Our findings in this study provide quantification of the magnitudes of fire regime effects on woody structure in a tropical savanna. When generalizing to other savanna regions however, the following limitations should be to be taken into consideration. First, prior to the establishment of the TWP fire experiment in 2004 the vegetation was unburnt since 1990. In these tropical landscapes 14 years of fire exclusion is rare, so the starting conditions are atypical.

Second, despite the good results obtained in upscaling field-based woody biomass estimates with airborne lidar (Fig. ), future efforts should focus on reducing the level of uncertainty in the lidar biomass model. Greater confidence in biomass and carbon prediction could be achieved by turning to individual tree-based segmentation approaches. Developments in terrestrial lidar in particular show great promise for providing individual tree volumes and biomass estimates that can be scaled, together with their uncertainties, to plot and landscape scales . Furthermore, the rich 3-D models that terrestrial lidar provide will open up new avenues for exploring actual 3-D structural metrics.

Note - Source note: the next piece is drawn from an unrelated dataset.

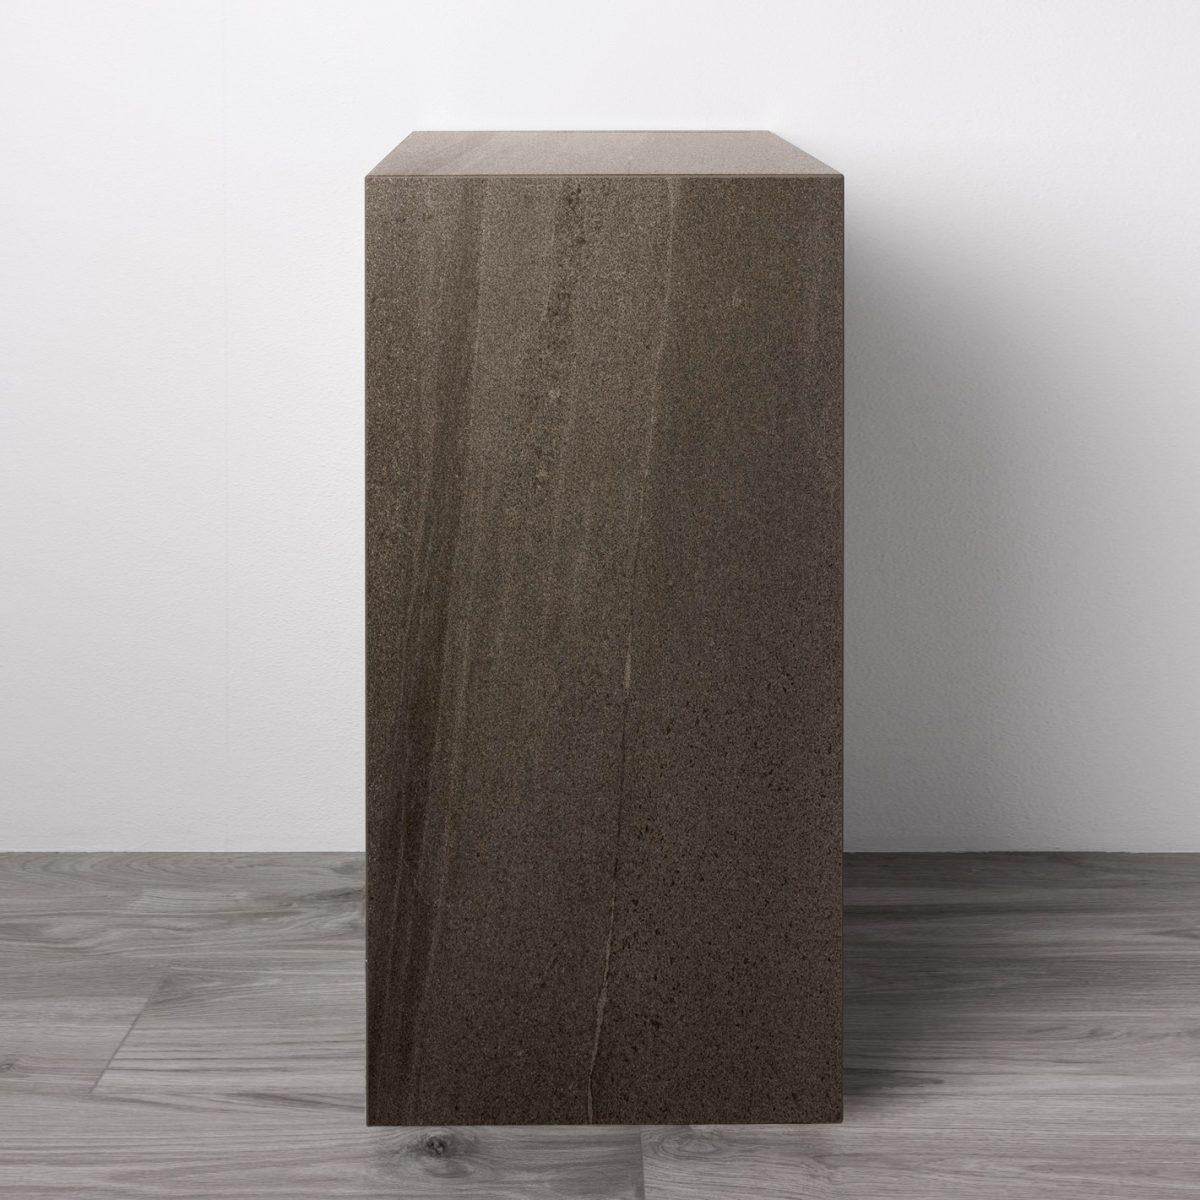 Basalt Stone – Moka Basalt

Last, our analyses in this study rely on differences between treatments at a single point in time to infer the mechanisms underpinning woody structural modification. Although typical for this type of investigation, the single-time-point approach should ideally be complimented with time-series analyses of before and after fire events to better constrain the mechanisms underpinning structural change.

5 Conclusions

We quantified the magnitude of above-ground carbon reduction under different regimes by integrating airborne lidar, field surveys, and an ongoing fire regime experiment. Our results highlight the impact of late season burning on both carbon storage and canopy vertical profile structure. Clear relationships between biodiversity and fire regimes have proven difficult to establish in savannas, despite many attempts at linking floral and faunal diversity directly to fire regime patterns. The range of vertical profile responses that we have illustrated here under different experimental fire treatments could hold the key to unlocking stronger links between fire management and biodiversity responses. High-resolution lidar can expose the structural consequences of different management actions and make them more easily accessible for integration with biodiversity and ecosystem process studies.